**Working data**
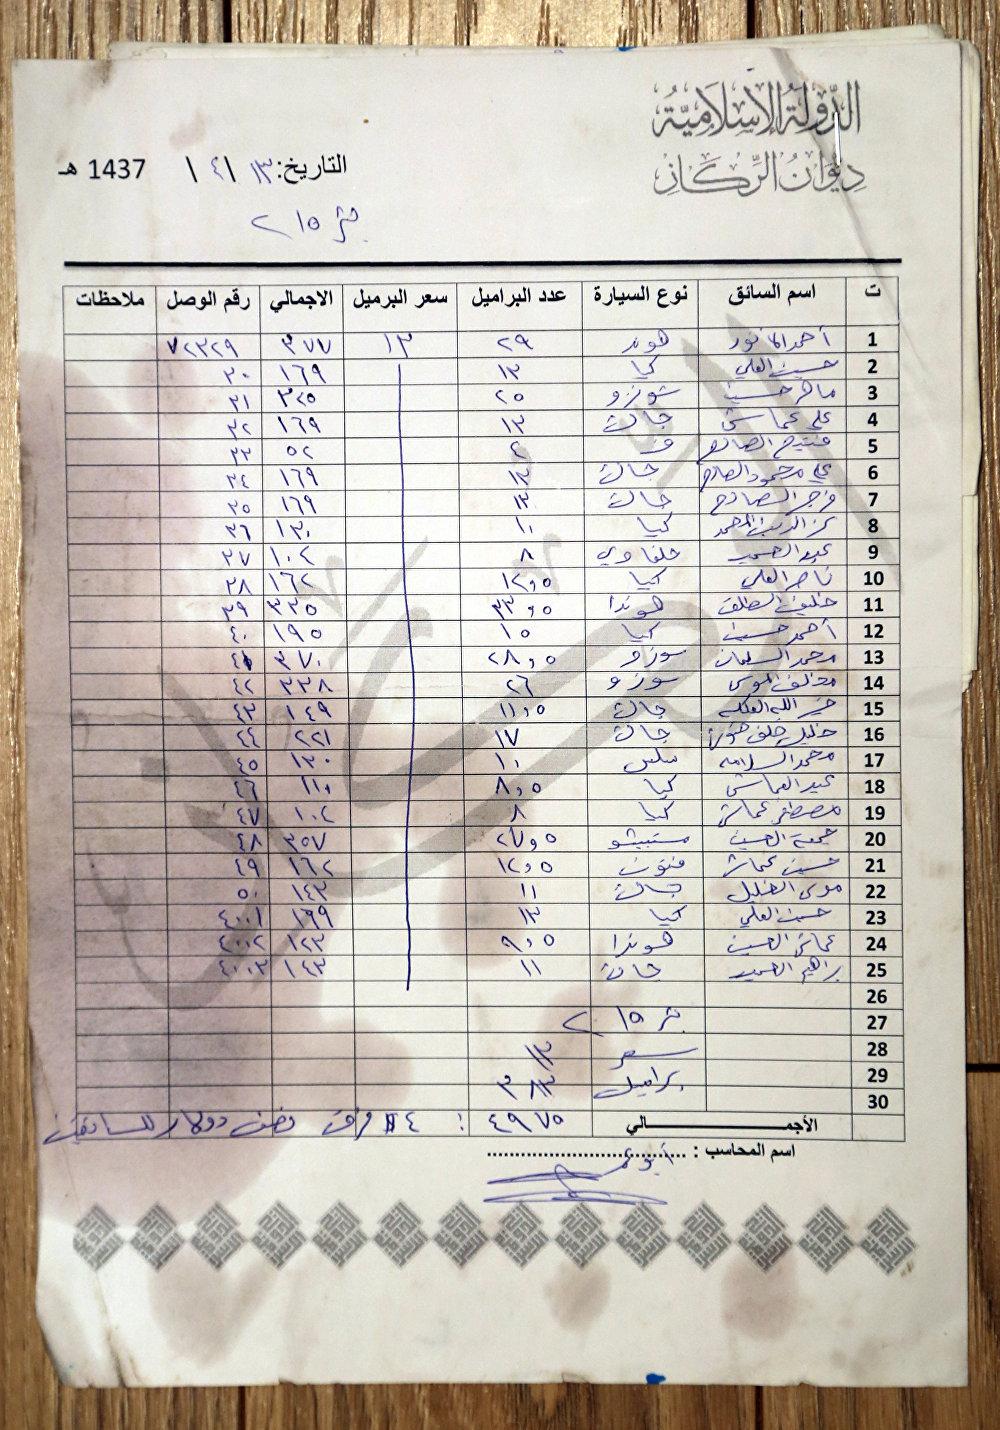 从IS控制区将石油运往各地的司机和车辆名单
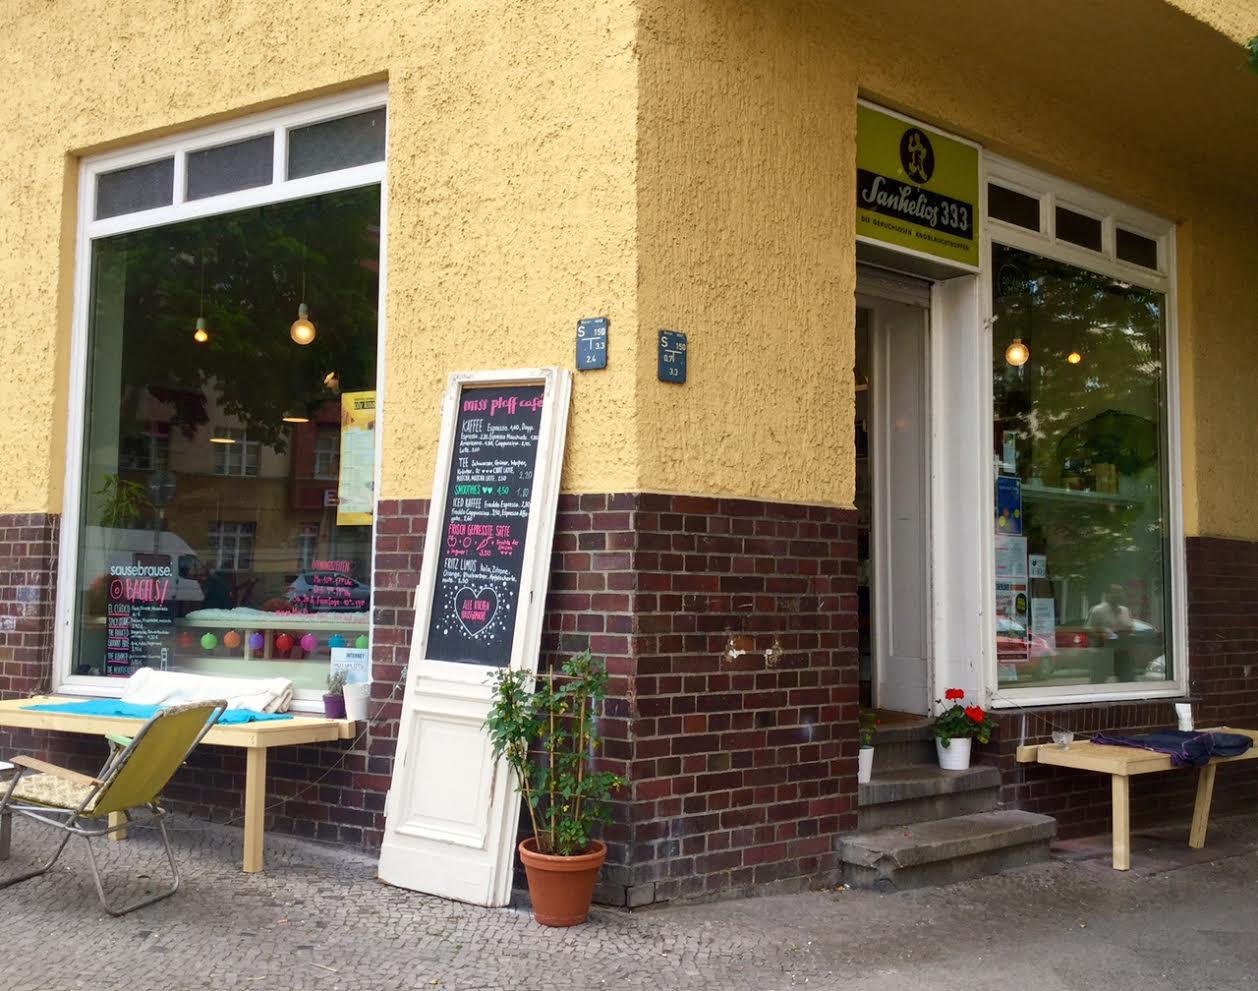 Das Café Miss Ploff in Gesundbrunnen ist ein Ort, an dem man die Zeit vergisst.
==
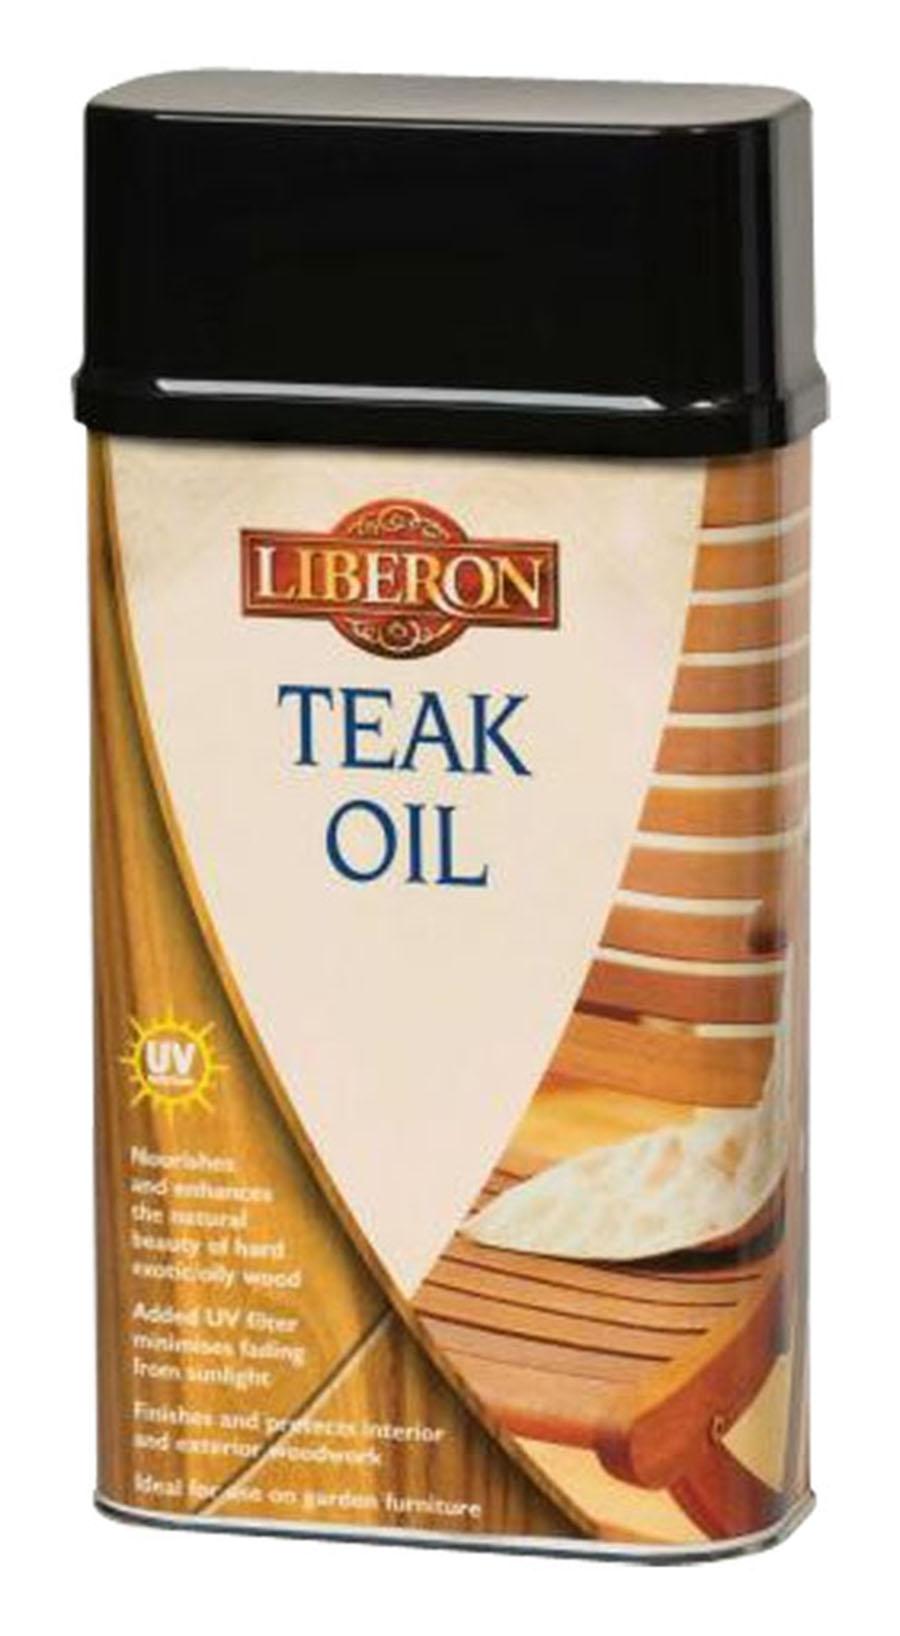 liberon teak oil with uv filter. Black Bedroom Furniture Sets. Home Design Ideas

**Work to be completed**
Output exactly those lines of the data above that run from the line with "从IS控制区将石油运往各地的司机和车辆名单" up to and including the line with "Das Café Miss". No pictures go in.

**Final answer**
 从IS控制区将石油运往各地的司机和车辆名单
 Das Café Miss Ploff in Gesundbrunnen ist ein Ort, an dem man die Zeit vergisst.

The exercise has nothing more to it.